15th and 16th Week.

I wasn't able to update last week, I was soooo lazy.

Anyway, yesterday I turned 16 weeks. Finally 4 months preggy :). My tummy is showing obviously and my appetite is better. The other week I underwent urinalysis and my OB found out that I had Urinary Track Infection which shouldn't be neglected according to her. She prescribed Amoxicilin which I need to take 3 times a day for 7 days!
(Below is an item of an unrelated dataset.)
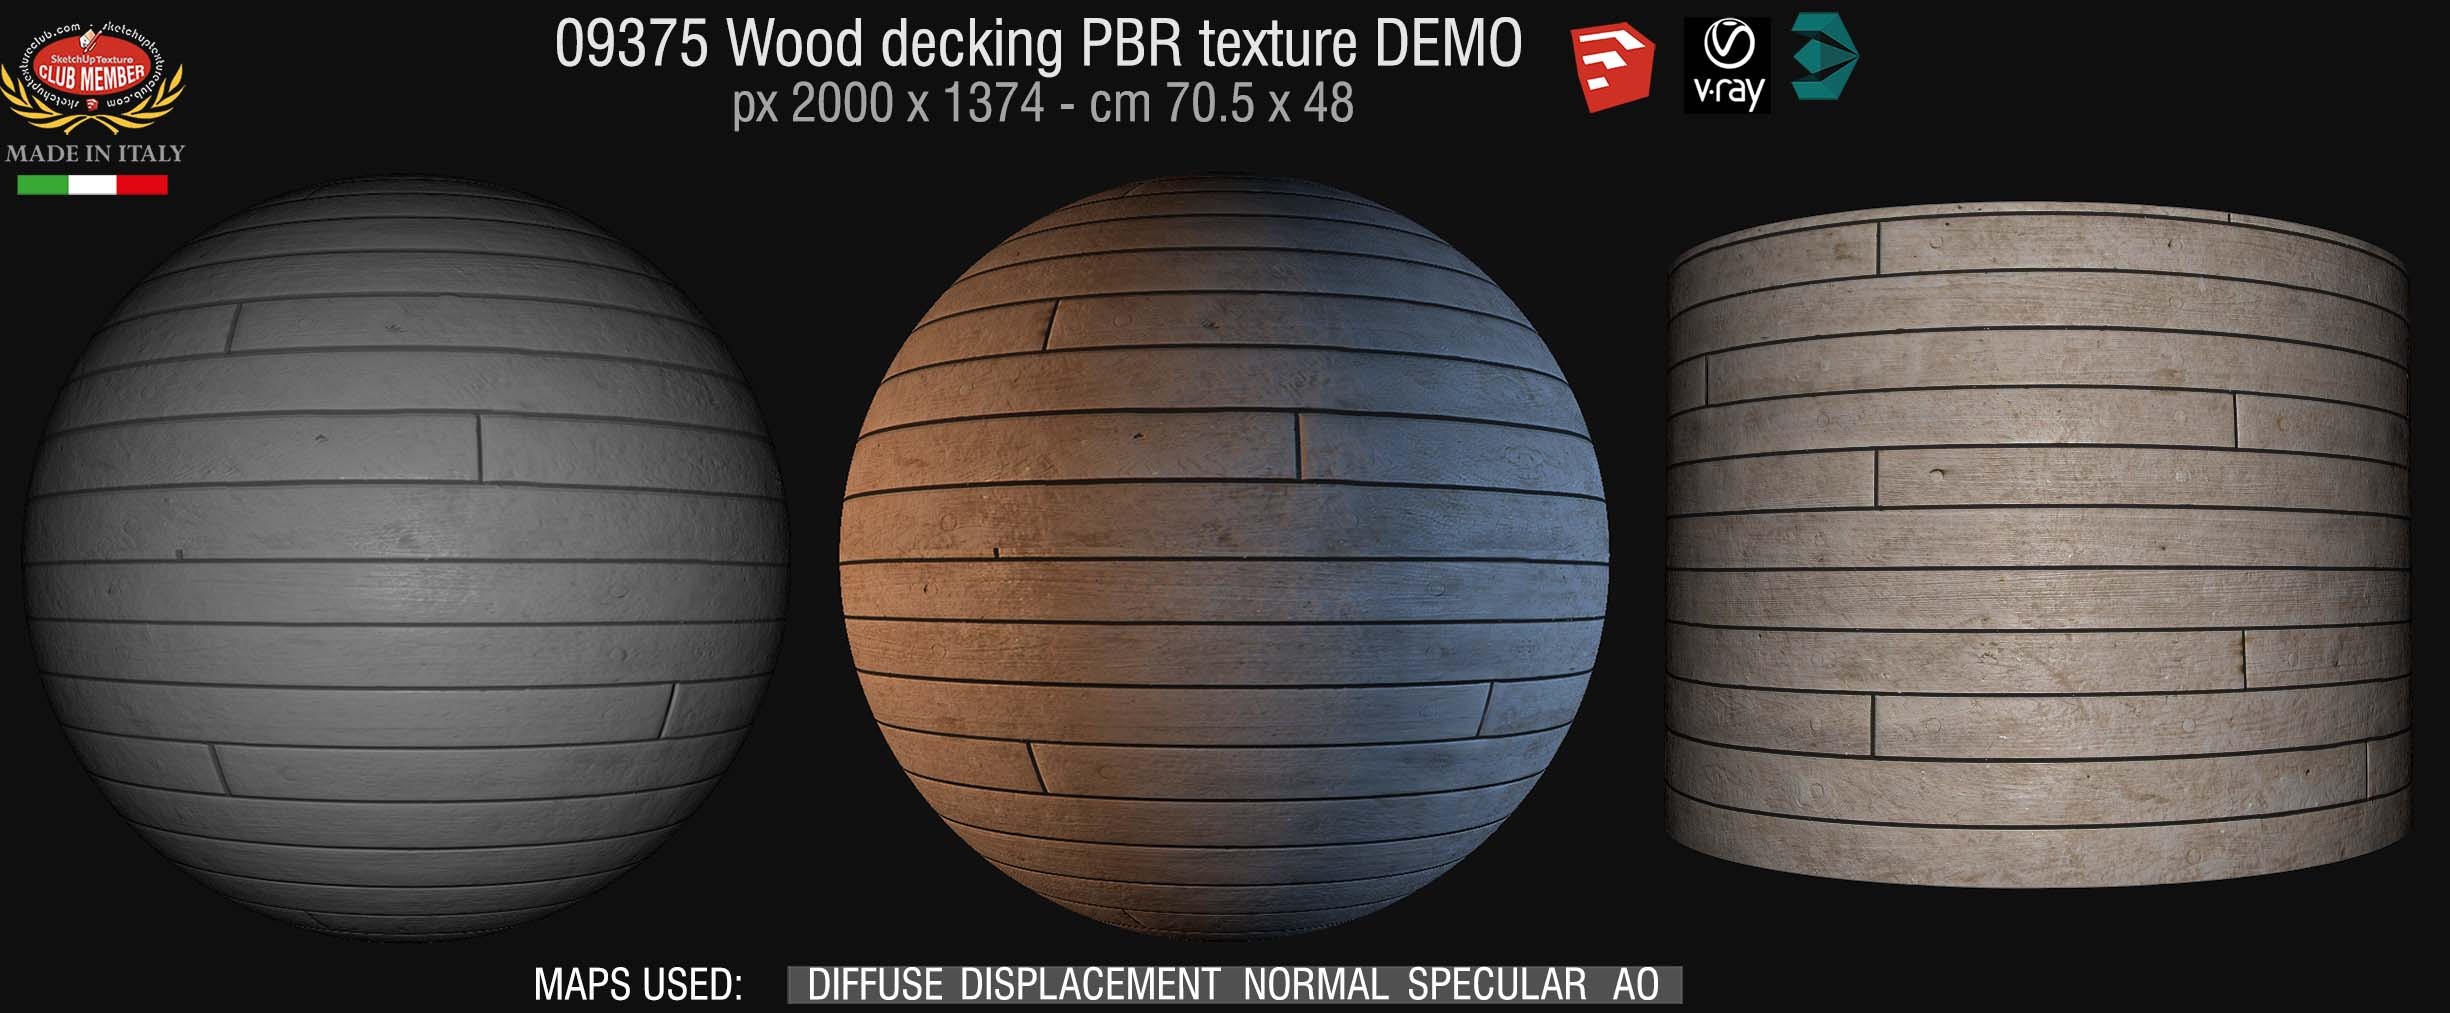 09375 Wood decking PBR texture seamless DEMO

I got scared because I know it's an antibiotic. At first I was hesitant to follow her prescription. I waited 5 days before finally giving in. That was after I was convinced that amoxicillin is safe for me. I googled it, get enough information and asked opinions from fellow mommys . I am now on my 3rd day of medication.

Here's an info about Urinary Track Infection according to American Pregnancy:

A urinary tract infection (UTI), also called bladder infection, is a bacterial inflammation in the urinary tract. Pregnant women are at increased risk for UTI's starting in week 6 through week 24.
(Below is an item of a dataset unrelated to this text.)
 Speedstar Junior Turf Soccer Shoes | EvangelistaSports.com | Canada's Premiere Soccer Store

Why are UTI's more common during pregnancy?

UTI's are more common during pregnancy because of changes in the urinary tract. The uterus sits directly on top of the bladder. As the uterus grows, its increased weight can block the drainage of urine from the bladder, causing an infection.
What are the signs and symptoms of UTI's?

If you have a urinary tract infection, you may experience one or more of the following symptoms:

  • Pain or burning (discomfort) when urinating
  • The need to urinate more often than usual
  • A feeling of urgency when you urinate
  • Blood or mucus in the urine
  • Cramps or pain in the lower abdomen
  • Pain during sexual intercourse
  • Chills, fever, sweats, leaking of urine (incontinence)
  • Waking up from sleep to urinate
  • Change in amount of urine, either more or less
  • Urine that looks cloudy, smells foul or unusually strong
  • Pain, pressure, or tenderness in the area of the bladder
  • When bacteria spreads to the kidneys you may experience: back pain, chills, fever, nausea, and vomiting.
How will the UTI affect my baby?

If the UTI goes untreated, it may lead to a kidney infection. Kidney infections may cause early labor and low birth weight. If your doctor treats a urinary tract infection early and properly, the UTI will not cause harm to your baby.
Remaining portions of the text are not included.